Exercise requirements:
Would you return the data below exactly as it stands, with every picture left out?

The data:
• • • •

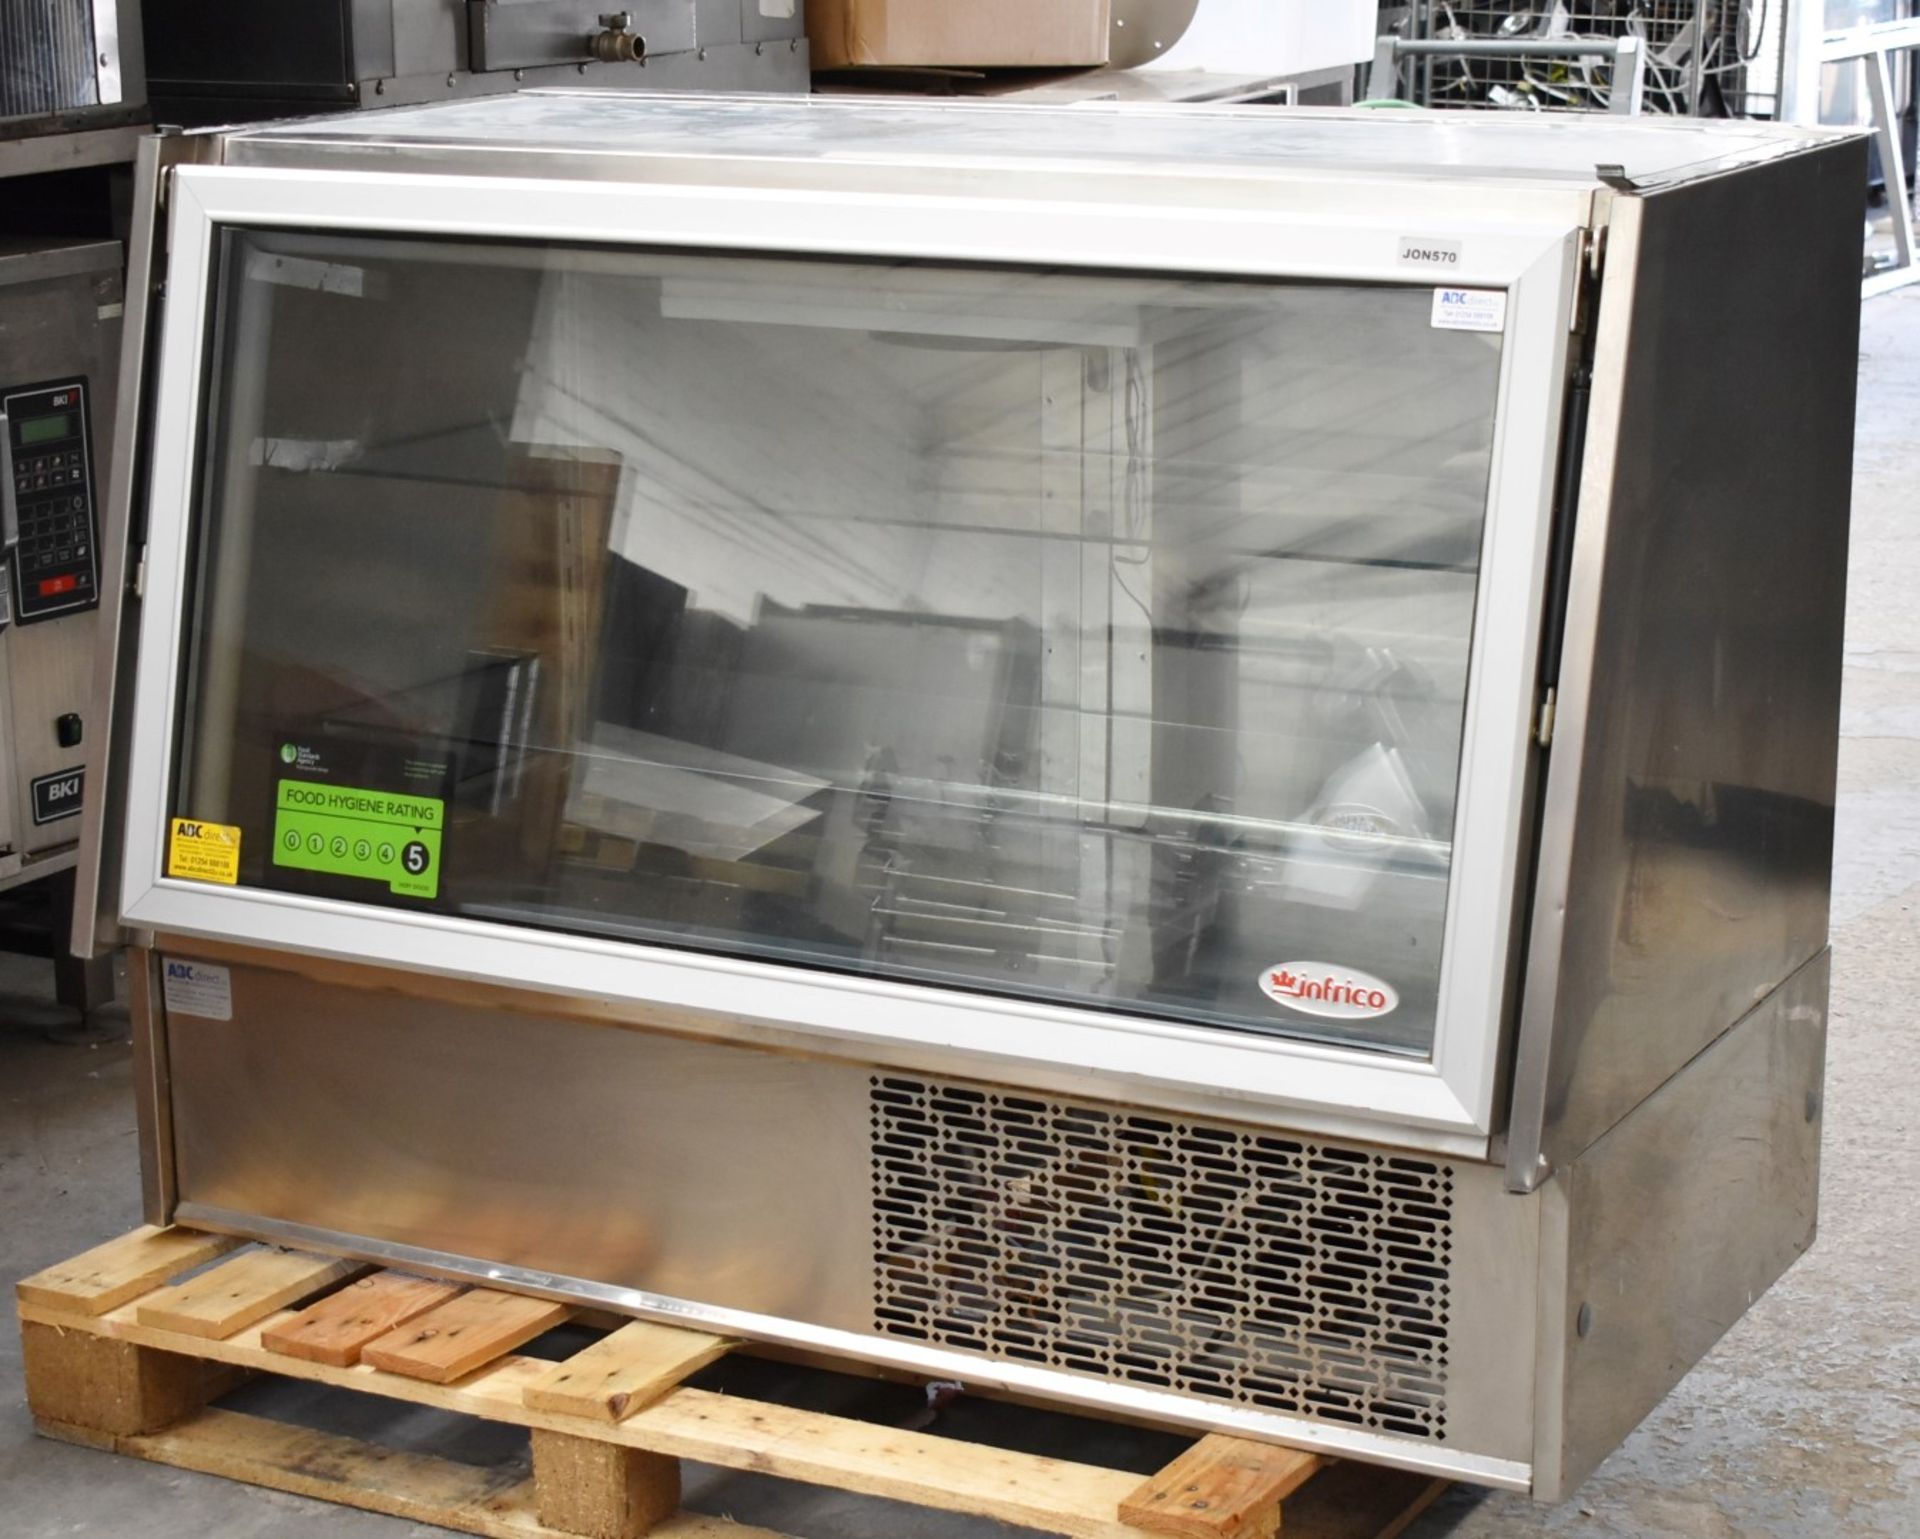 1 x Infrico 1.4m Refrigerated Vision Counter For Takeaways, Sandwich Shops or Cafes - RRP £3,200! - Image 14 of 21
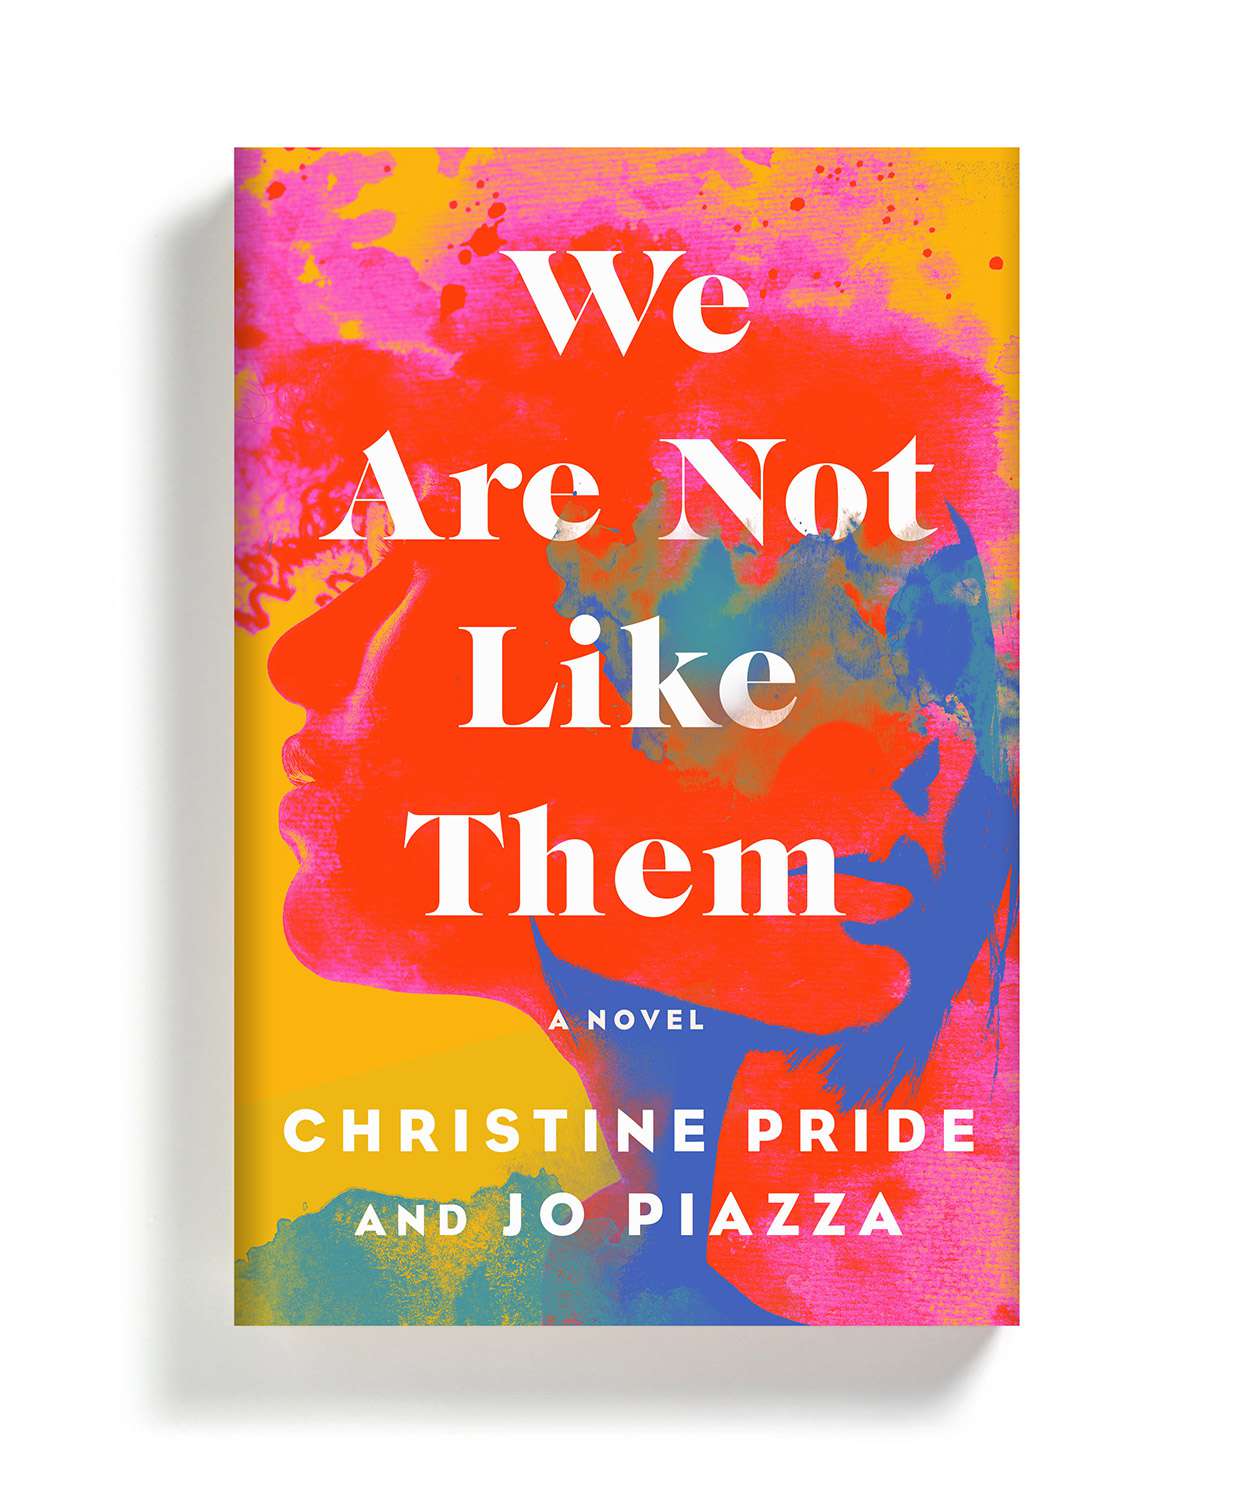 We Are Not Like Them by Jo Piazza and Christine Pride
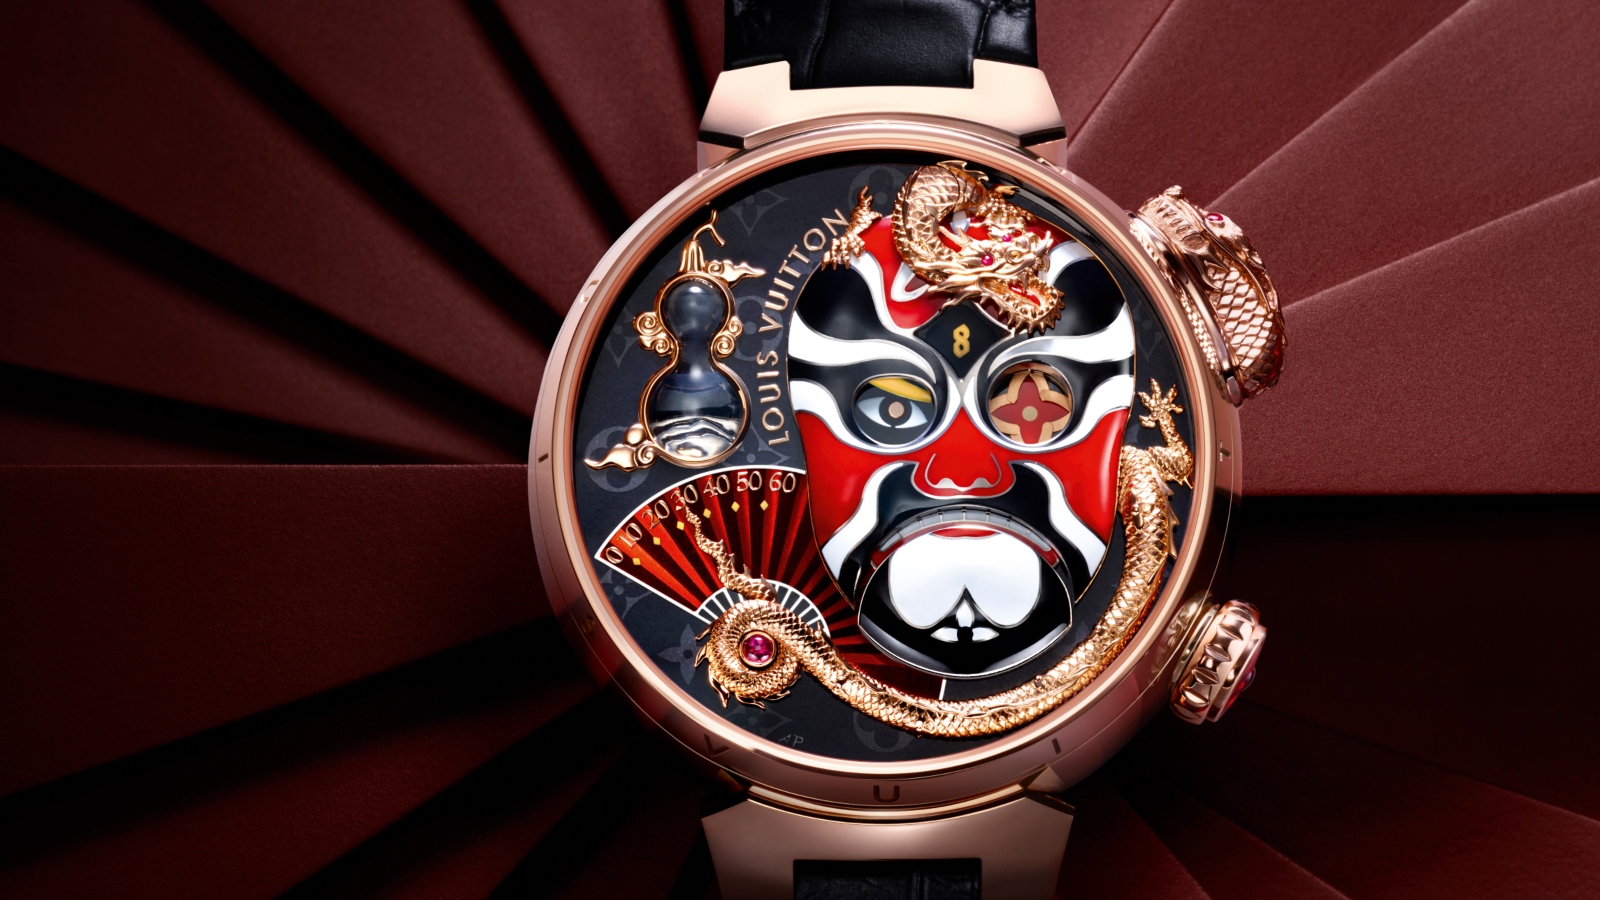 Louis Vuitton's Tambour Timepieces Reflect High Watchmaking At Its
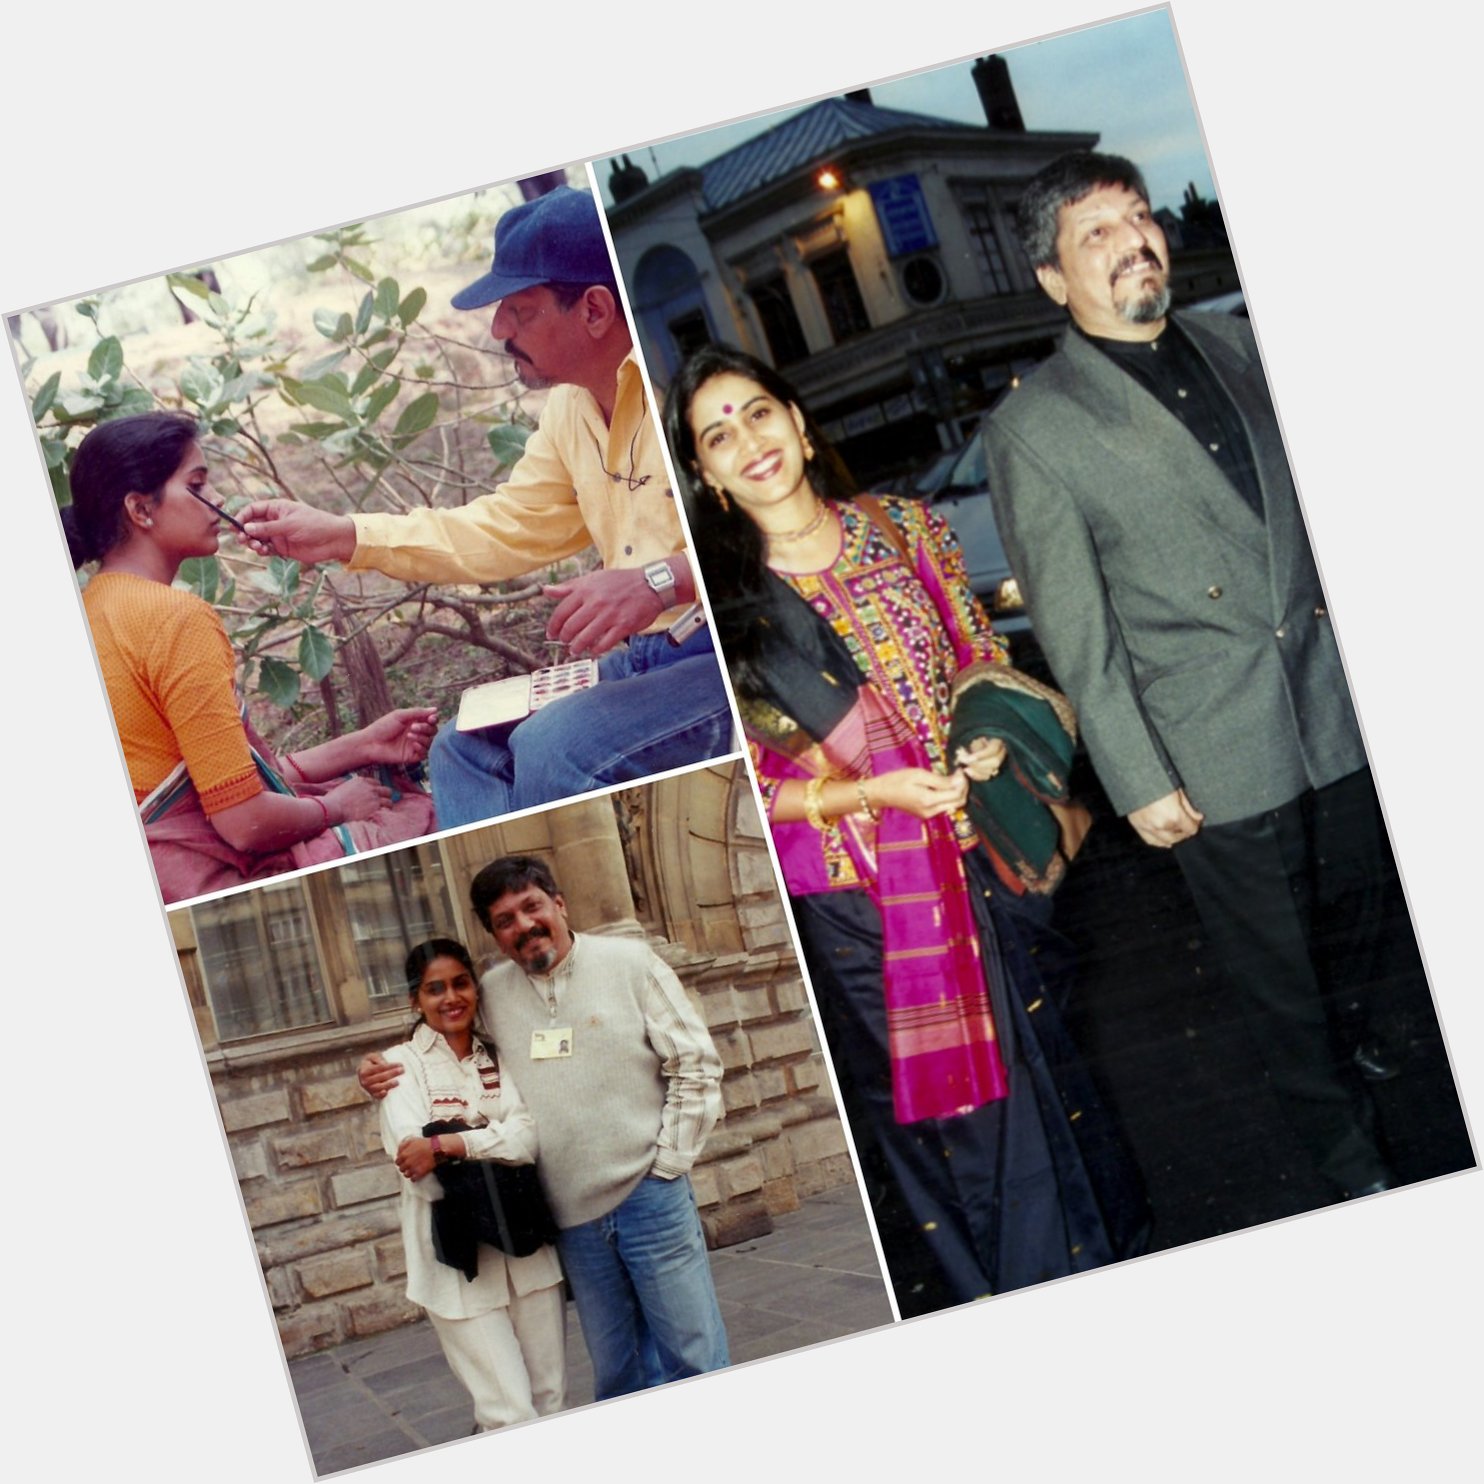 Happy Birthday Amol Palekar Miss the golden times of Daayara and Kairee.I will await another one! Much love

• • • •

The completed task:
 1 x Infrico 1.4m Refrigerated Vision Counter For Takeaways, Sandwich Shops or Cafes - RRP £3,200! - Image 14 of 21
 We Are Not Like Them by Jo Piazza and Christine Pride
 Louis Vuitton's Tambour Timepieces Reflect High Watchmaking At Its
 Happy Birthday Amol Palekar Miss the golden times of Daayara and Kairee.I will await another one! Much love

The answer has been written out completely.